I had no idea how much I valued the flotsam of my life up until now, sitting in those boxes at the Port of Philadelphia, how much security it gave me. To be able to run my fingers over my books, my old keepsakes, my leather furniture or my cherished kitchenware -- the feeling is hard to describe. Some people have the heather of the shires, or the sunset over the Pacific. The aroma of onion grass, or the sound of the loons. But in this period of creative destruction in my life, I have only the All-Clad, the DVDs and the matching ottomans to bring that sense of absolute peace and security to my days. And they've been kept far from me all this time.

But you have a husband, many might say. What about your husband?

Well, I can also report that I love my husband. And he loves me. There has never been any doubt about that. But after more intimate, passionate relationships than I dare confess to, and a good forty years or so on this planet, I can report that the so-called dream romance that annihilates every one of your lingering self-doubts and insecurities is just that - a dream. I am lucky enough, no doubt in my mind about it, to have a man who loves me more than any other man has ever loved me in my life. That is reality, and that is what I've always wanted. But no man, no person, can provide everything you emotionally need at every moment you need it - not in this life, baby. Certainly not in the kind of life many of us live today, with its merciless and exhausting pace, its immense globe-trotting scale and its somewhat cold and morally neutral rectitude. For us to expect as much is more than just tilting at windmills. It's a kind of temptation to madness that can destroy a person from the inside out.

I have no doubt that I'm passing into some stage of life that is only written about in the more ponderous, difficult books -- the ones I never could get through in my teens or twenties.
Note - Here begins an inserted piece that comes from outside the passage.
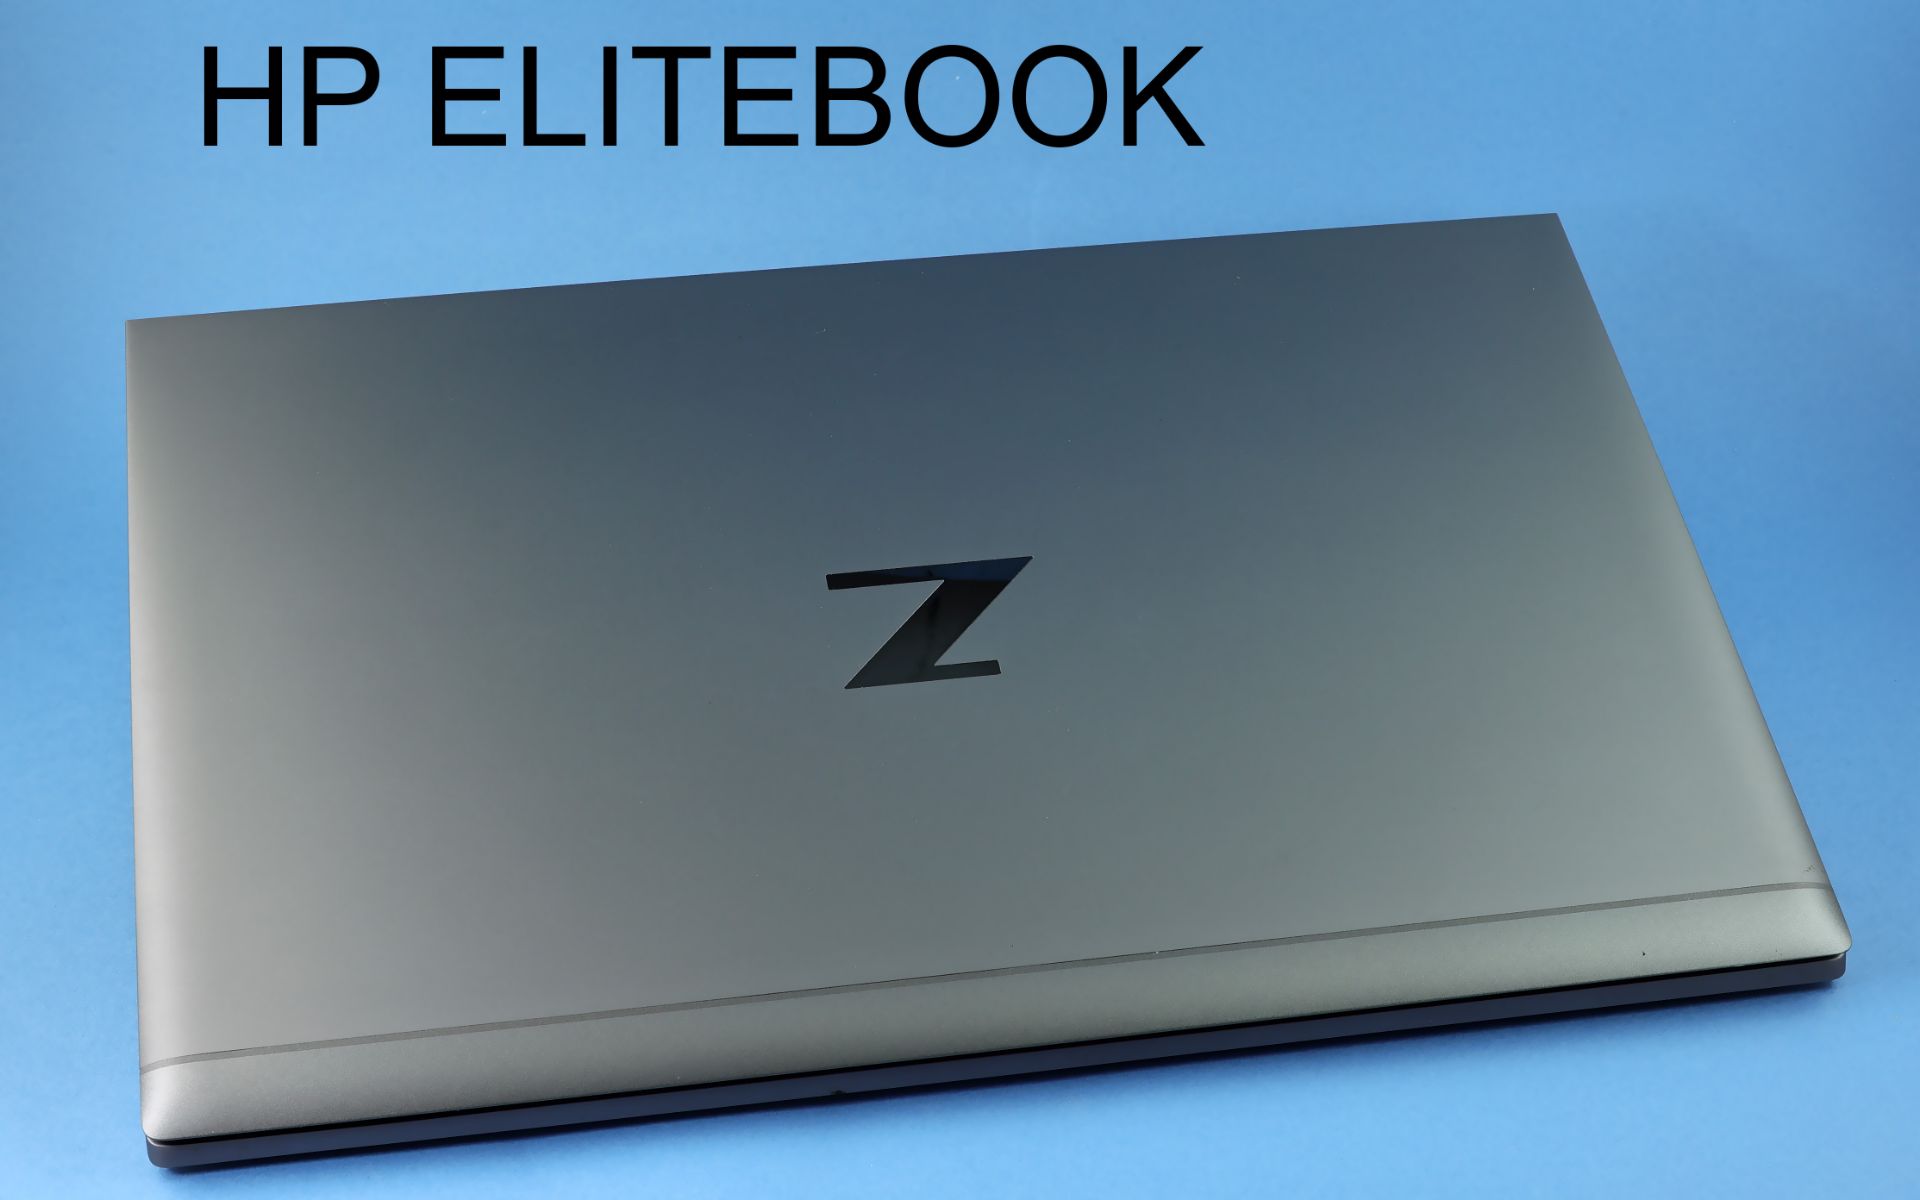 HP Elitebook 32GB Intel Core i7 11. Gen., ohne Karton und ohne Zubehoer

I'm becoming more emotionally literate than I ever thought possible, while at the same time realizing that everyone around me with about 10 years on me or more is far more so than I am. Suddenly, I'm no longer the smart kid, or the precocious one. I must put myself gently into the hands of life and trust it. And oh, how wretchedly difficult that is to do.
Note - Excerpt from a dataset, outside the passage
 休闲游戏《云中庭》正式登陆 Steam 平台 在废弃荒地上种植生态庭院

So, as the agonies and occasional hopelessness of the past six months swirled around my line of sight and reminded me of the truly gigantic, momentous change that I'm fully in right now, I followed a humble, antiquated little path to the Correios office on Rua Estados Unidos. I had to mail a package of documents to the company handling the arrival of my things into Brazil. When I stepped inside I realized I'd been there before. It was 1984, mostly likely around the same time of year -- September, October. It was one of the three post offices I used to mail my letters to America during my year as a Rotary exchange student back in the city I now call home. I remember how sad and afraid I was back in those particular days. I didn't speak the language, I had few friends, and wasn't sure how I was going to overcome my nerves, my sense of incompetence, and all the remnants of a very sheltered life back on Long Island.
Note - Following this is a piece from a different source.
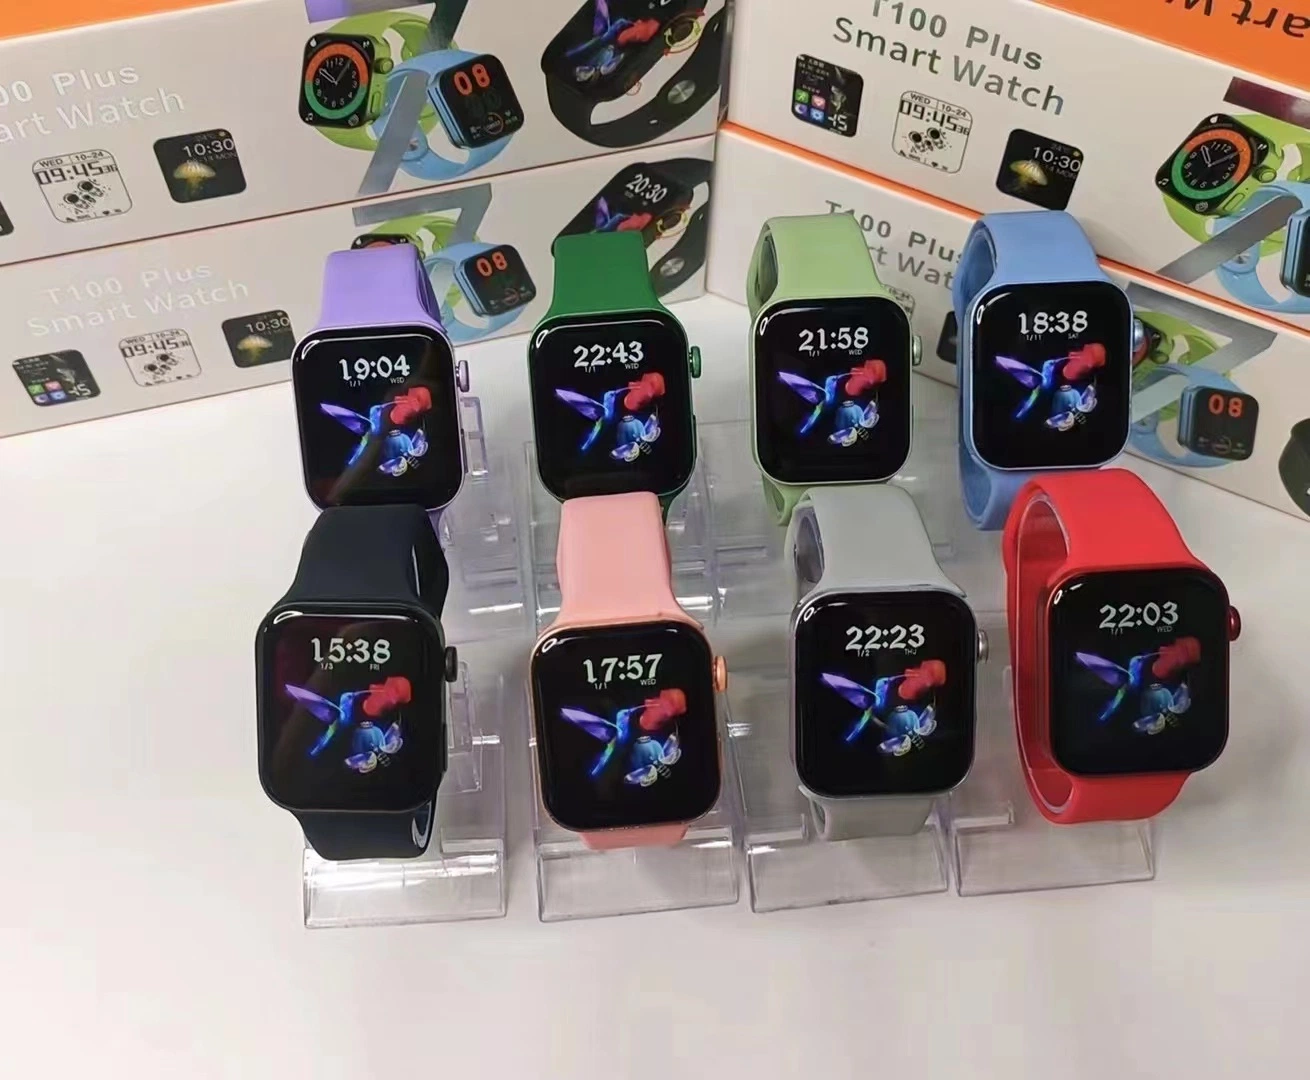 T100 плюс Fty оптовой смотреть 7 Беспроводной Smart смотреть спорт браслет Smartwatch Bluetooth телефона подарок наручные часы

I remembered the letters I wrote back then as being very hopeful, but a bit wistful for a 16 year-old kid. And at night I would listen to short-wave radio broadcasts from Voice of America, and imagine the track that my letters would follow back home (by ship). It gave me a sense of peace, and filled me with hope for something I could neither visualize or even quite imagine. It was whatever lay ahead for me.

So when I walked out of the post office on Thursday afternoon before I headed off to the airport, I found myself imagining those ships once again. Only this time, the treasures and fortunes of what did lay ahead for that boy in 1984 are sailing southward. And he can rest assured that they will bring that succor he has earned from his extraordinary adventures, and be the mere foundations for what lies ahead for the man he has become.